Ji Hong-bing, Xu Jian-hua, Xie Jun-feng, Chen Qing-lin
Key Laboratory of Enhanced Heat Transfer and Energy Conservation of Ministry of Education, South China University of Technology, Guangzhou 510640, China.
Guang Pu Xue Yu Guang Pu Fen Xi. 2008 Jun;28(6):1246-50.
8%Ru-5%Ce/gamma-Al2O3 catalyst exhibited excellent catalytic performance for low temperature activation of methane. Although the conversion rates of methane were 25.3% for exothermal partial oxidation of methane, and 0.8% for endothermal carbon dioxide reforming, whose activity was rather low, 38.8% of conversion rate of methane could be obtained for the obtained coupling reaction at 500 degrees C owing to the coupling intensification between endothermal carbon dioxide reforming reaction and exothermal partial oxidation of methane. The mechanism of coupling partial oxidation of methane and carbon dioxide reforming on supported Ru catalyst was investigated by in-situ DRIFTS. The adsorption of CO on 8%Ru-5%Ce/gamma-Al2O3 showed that two kinds of doublet peaks which were characteristic adsorption of the gaseous CO at 2167 cm(-1) (2118 cm(-1)) to form Ru(CO)2 at 2031 cm(-1) (2034 cm(-1)) to form Ce(CO)2 were observed. These CO adsorption species wee easy to be desorbed from the surface of the catalyst at high temperature. The results of in-situ DRIFTS showed that carbonate, formal (formate) and carbon monoxide formed on the surface of catalyst, and formal (formate) was intermediate for the methane partial oxidation. This intermediate was formed through the combination of the adsorption species of methane CHx and the lattice oxygen adsorption species on the surface of catalyst, and syngas was produced through the splitting of this intermediate. The DRIFTS researching on carbon dioxide reforming showed that there was no new adsorption species on the surface of the catalyst, which indicated that the mechanism for carbon dioxide reforming was through the dissociation of the adsorbed methane and carbon dioxide. During the reaction of the coupling of carbon dioxide reforming reaction and partial oxidation of methane, there was hydroxyl adsorption species on the surface of catalyst. The mechanism of coupling methane, carbon dioxide and oxygen might be composed of the above two reaction mechanism and the bridging hydroxyl group adsorption species Ru-(OH)2 might contribute to the coupling reaction.
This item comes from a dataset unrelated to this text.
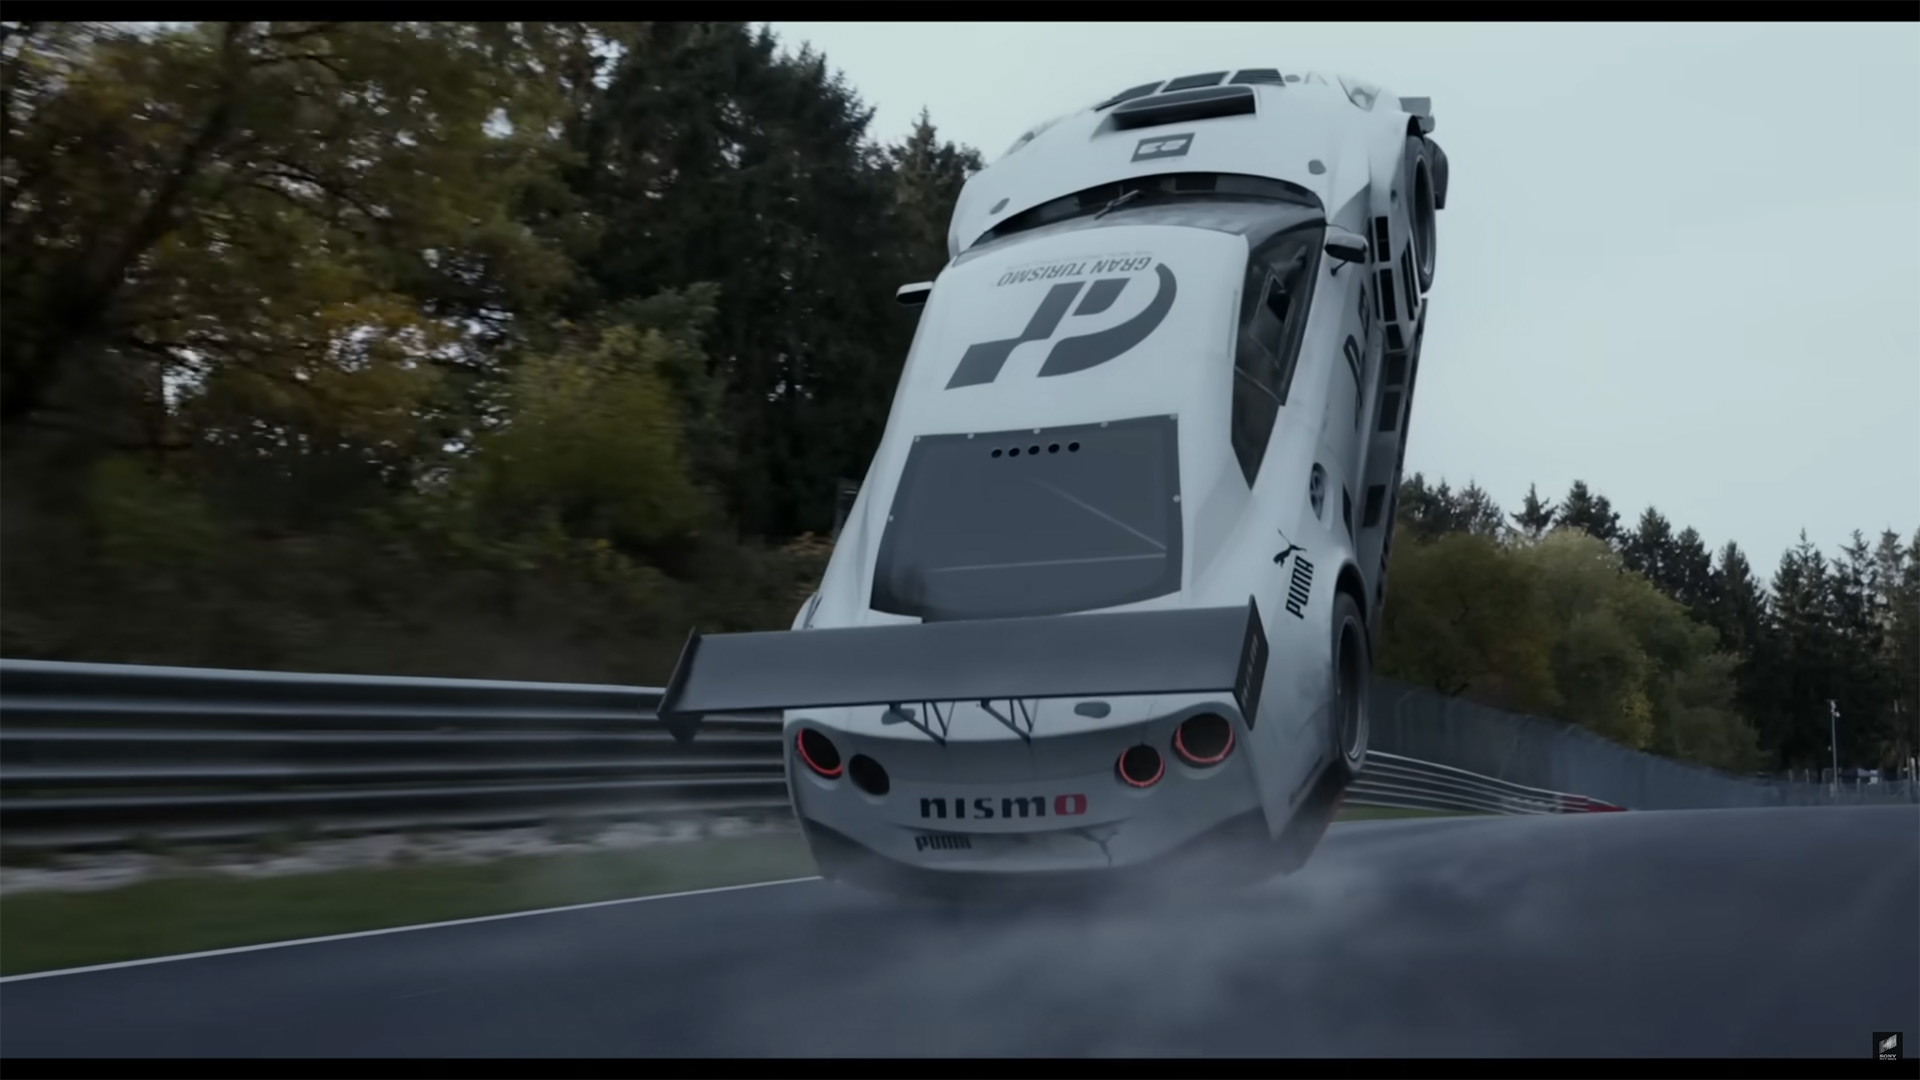 The Gran Turismo movie arrives in theaters August 11

8%Ru-5%Ce/γ-Al2O3催化剂对甲烷低温活化表现出优异的催化性能。尽管甲烷的转化率对于甲烷的放热部分氧化为25.3%,对于吸热二氧化碳重整为0.8%,其活性相当低,但由于吸热二氧化碳重整反应与甲烷放热部分氧化之间的耦合强化,在500℃下进行的耦合反应可获得38.8%的甲烷转化率。通过原位漫反射红外傅里叶变换光谱(in-situ DRIFTS)研究了负载型Ru催化剂上甲烷耦合部分氧化和二氧化碳重整的机理。8%Ru-5%Ce/γ-Al2O3上CO的吸附表明,观察到两种双峰,分别是气态CO在2167 cm(-1)(2118 cm(-1))处的特征吸附以形成Ru(CO)2,以及在2031 cm(-1)(2034 cm(-1))处形成Ce(CO)2。这些CO吸附物种在高温下易于从催化剂表面脱附。原位漫反射红外傅里叶变换光谱的结果表明,催化剂表面形成了碳酸盐、甲醛(甲酸盐)和一氧化碳,且甲醛(甲酸盐)是甲烷部分氧化的中间体。该中间体是通过甲烷CHx吸附物种与催化剂表面晶格氧吸附物种的结合形成的,合成气通过该中间体的分解产生。对二氧化碳重整的漫反射红外傅里叶变换光谱研究表明,催化剂表面没有新的吸附物种,这表明二氧化碳重整的机理是通过吸附的甲烷和二氧化碳的解离。在二氧化碳重整反应与甲烷部分氧化的耦合反应过程中,催化剂表面存在羟基吸附物种。甲烷、二氧化碳和氧气耦合的机理可能由上述两种反应机理组成,桥连羟基吸附物种Ru-(OH)2可能有助于耦合反应。